Is that schema too edge case to justify some functional indexes
on the cast values on the underlying catalogs? (I'm inclined to
think so, but it seemed like a question worth putting out
there)

Or, since these particular domains are known, is there any sane way
to special-case these to allow the underlying types to work?

--
Kevin Grittner
EDB: http://www.enterprisedb.com
The Enterprise PostgreSQL Company


-- 
Sent via pgsql-hackers mailing list (pgsql-hackers@postgresql.org)
To make changes to your subscription:
http://www.postgresql.org/mailpref/pgsql-hackers


Re: [HACKERS] Casting issues with domains

2014-12-10 Thread Tom Lane
Kevin Grittner kgri...@ymail.com writes:
 Tom Lane t...@sss.pgh.pa.us wrote:
 As far as that goes, I think the OP was unhappy about the performance
 of the information_schema views, which in our implementation do exactly
 that so that the exposed types of the view columns conform to the SQL
 standard, even though the underlying catalogs use PG-centric types.
 
 I don't believe that that's the only reason why the performance of the
 information_schema views tends to be sucky, but it's certainly a reason.

 Is that schema too edge case to justify some functional indexes
 on the cast values on the underlying catalogs? (I'm inclined to
 think so, but it seemed like a question worth putting out
 there)

We don't support functional indexes on system catalogs, so whether it'd
be justified is sorta moot.  On the whole though I'm inclined to agree
that the information_schema views aren't used enough to justify adding
overhead to system-catalog updates, even if the pieces for that all
existed.

 Or, since these particular domains are known, is there any sane way
 to special-case these to allow the underlying types to work?

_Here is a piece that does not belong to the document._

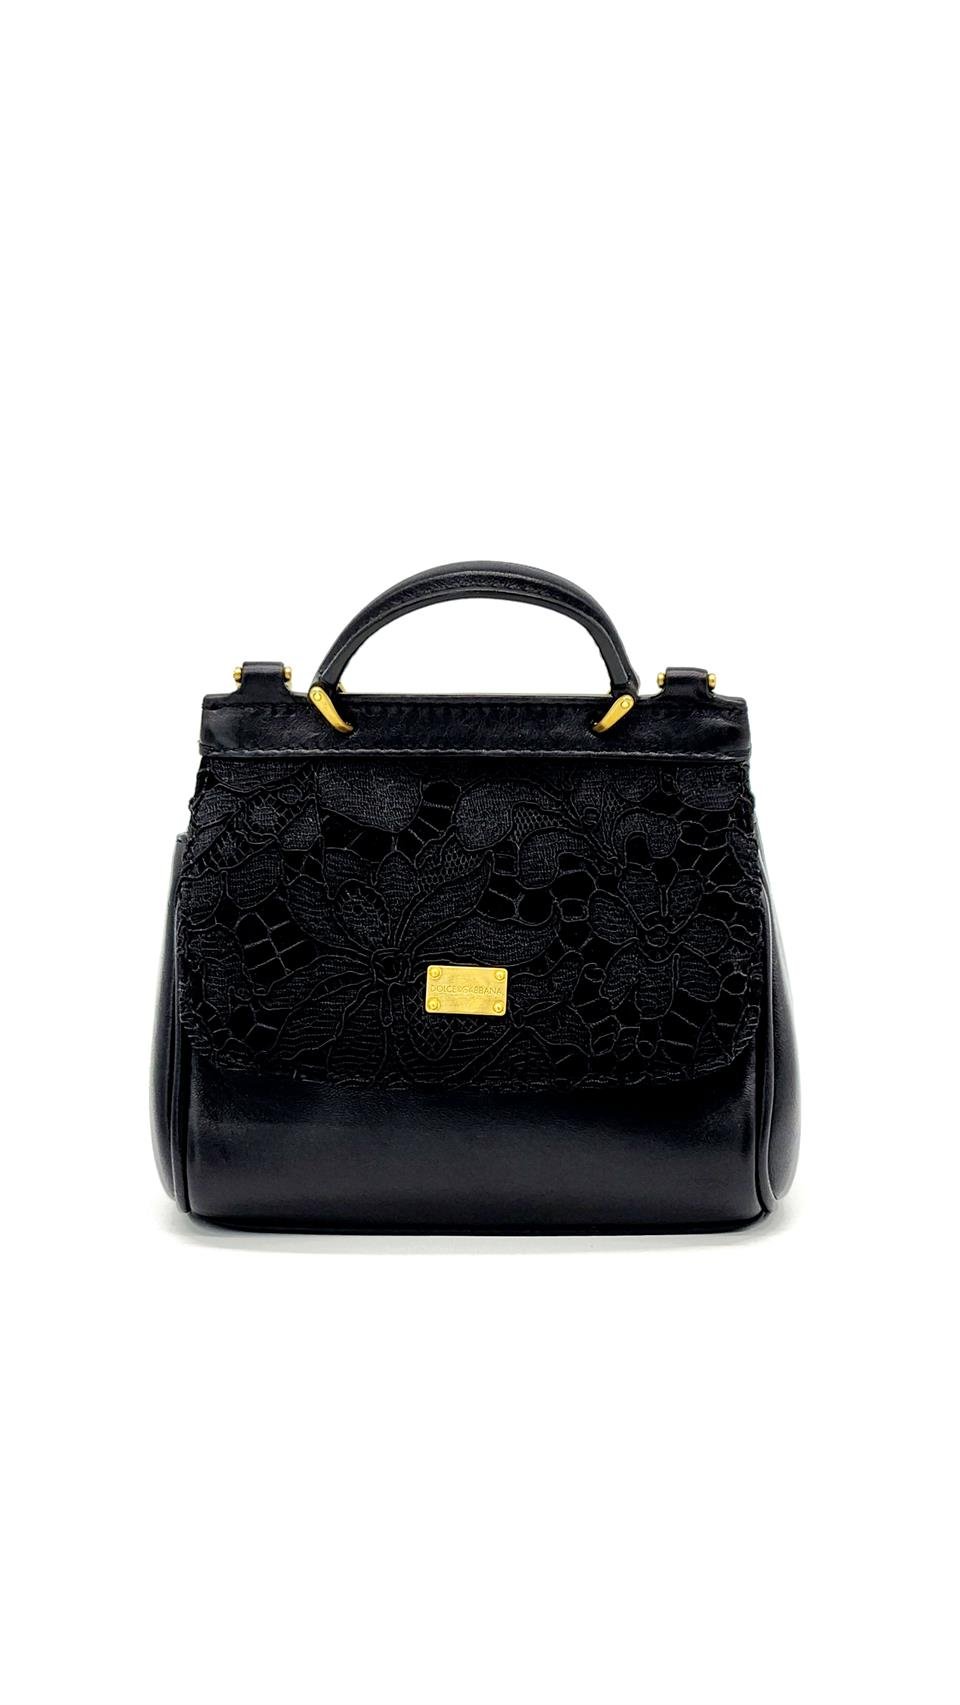 Dolce Gabbana Black Floral Mini Sicily Bag
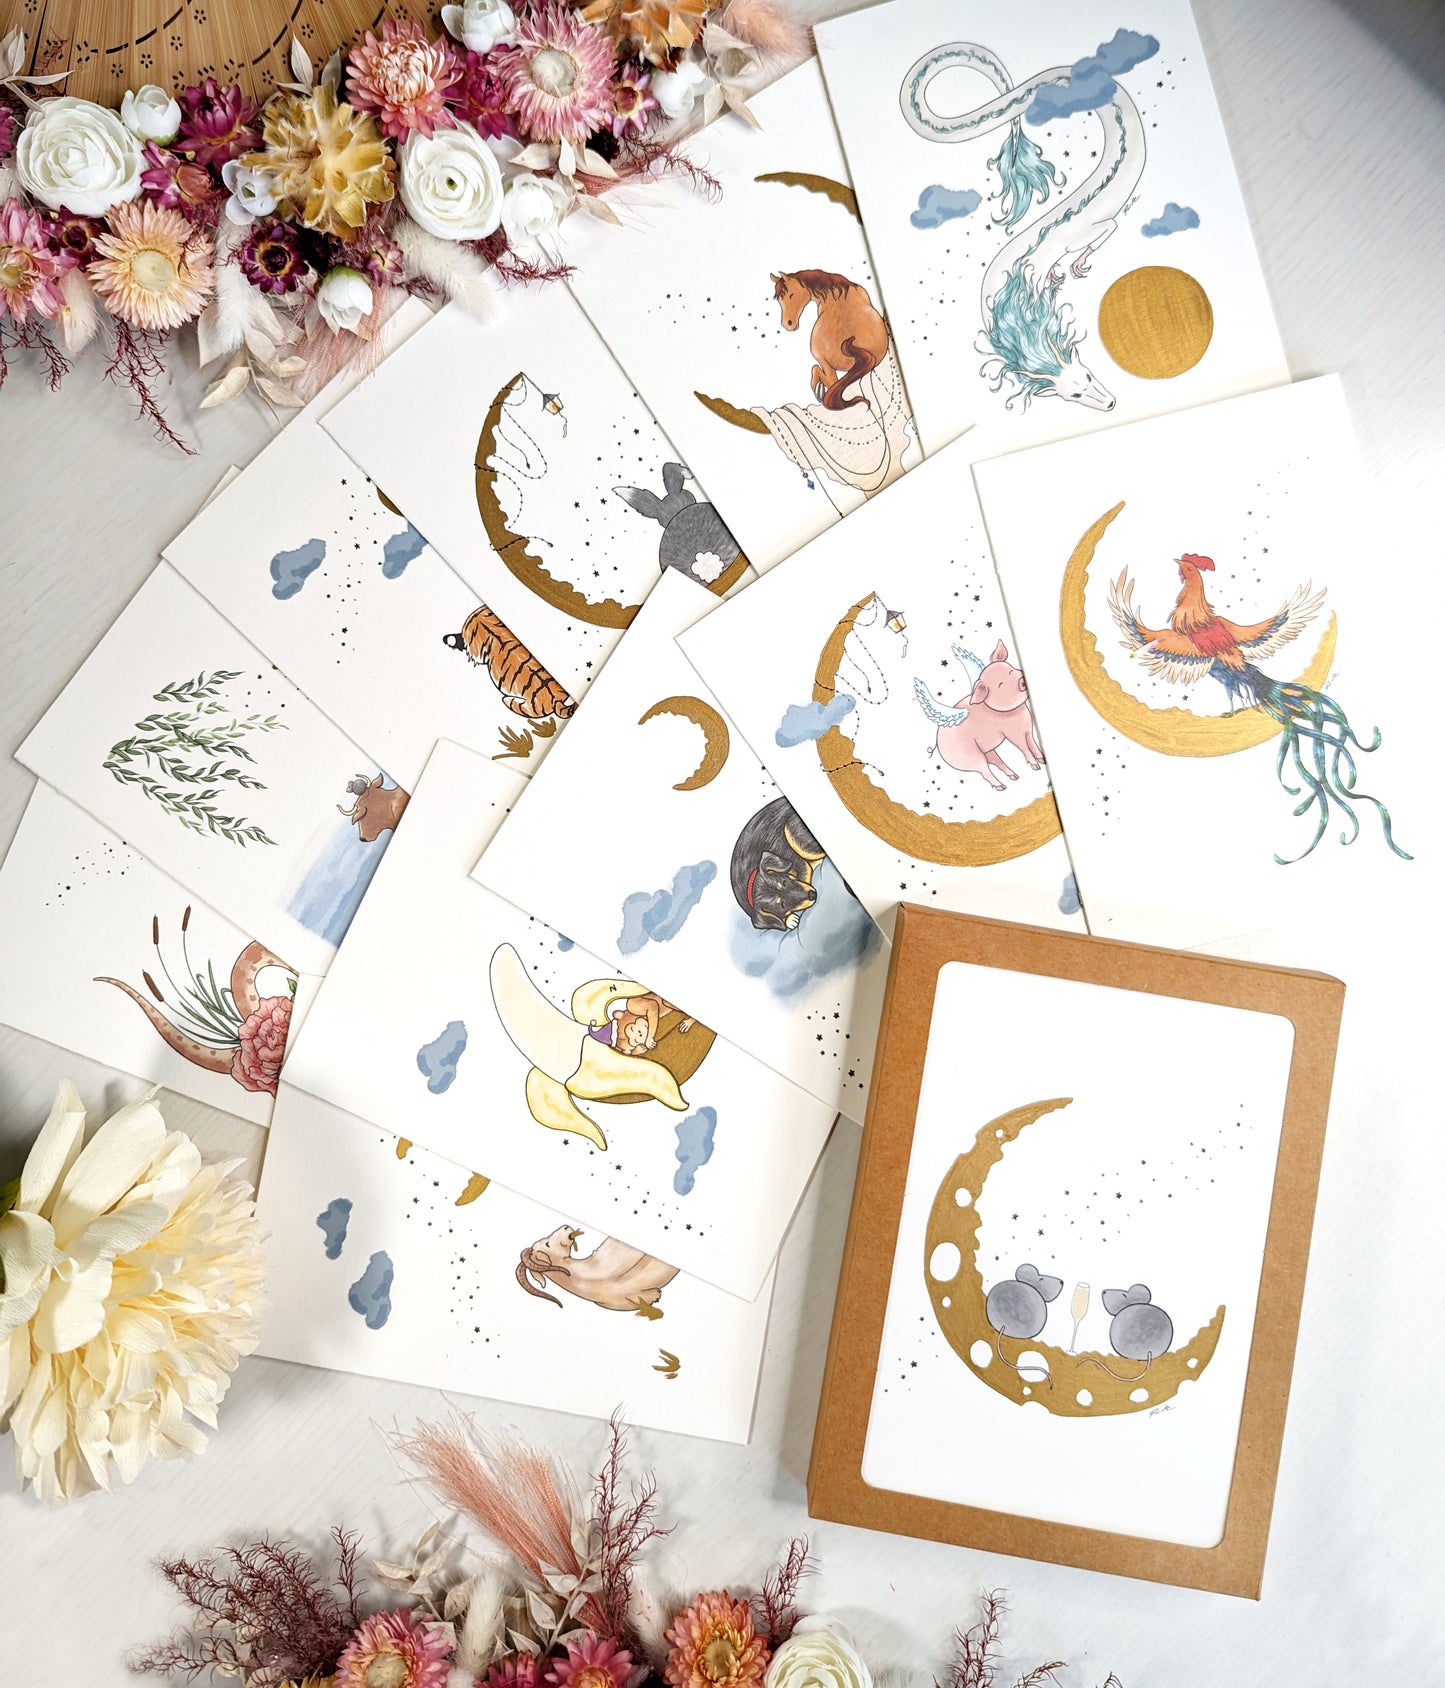 Rooster Greeting Card - Lunar Zodiac Series

I don't particularly care for a kluge solution here.

I notice that recent versions of the SQL spec contain the notion of a
distinct type, which is a user-defined type that is representationally
identical to some base type but has its own name, and comes equipped with
assignment-grade casts to and from the base type (which in PG terms would
be binary-compatible casts, though the spec doesn't require that).
It seems like this might be intended to be the sort of zero cost type
alias we were talking about, except that the SQL committee seems to have
got it wrong by not specifying the cast-to-base-type as being implicit.
Which ISTM you would want so that operators/functions on the base type
would apply automatically to the distinct type.  But perhaps we could
extend the spec with some option to CREATE TYPE to allow the cast to come
out that way.

Or in short, maybe we should try to replace the domains used in the
current information_schema with distinct types.

regards, tom lane


-- 
Sent via pgsql-hackers mailing list (pgsql-hackers@postgresql.org)
To make changes to your subscription:
http://www.postgresql.org/mailpref/pgsql-hackers


Re: [HACKERS] Casting issues with domains

2014-12-09 Thread Thomas Reiss
Le 08/12/2014 16:18, Tom Lane a écrit :
 Thomas Reiss thomas.re...@dalibo.com writes:
 postgres=# explain select * from test2 where a='toto';
 QUERY PLAN
 --
  Seq Scan on test1  (cost=0.00..1693.00 rows=500 width=5)
Filter: (((a)::tstdom)::text = 'toto'::text)
 (2 lignes)
 
 As you can see, a is casted to tstdom then again to text. This casts
 prevents the optimizer to choose an index scan to retrieve the data. The
 casts are however strictly equivalent and should be not prevent the
 optimizer to use indexes.
 
 No, they are not equivalent.  The optimizer can't simply drop the
 cast-to-domain, because that cast might result in a runtime error due
 to a domain CHECK constraint violation.  (This is true even if no such
 constraint exists at planning time, unfortunately.  If we had a
 mechanism to force replanning at ALTER DOMAIN ADD CONSTRAINT, maybe the
 no-constraints case could be handled better, but we don't; and adding
 one would also imply adding more locks around domain usage, so it's not
 all that attractive to do it.)
 
 The short answer is that SQL domains are not zero-cost type aliases.
 Perhaps there would be value in having a feature that *is* a a zero-cost
 alias, but it wouldn't be a domain.

I agree regarding the feature for zero-cost aliases. It would ease
access on the catalog done via the information_schema for example.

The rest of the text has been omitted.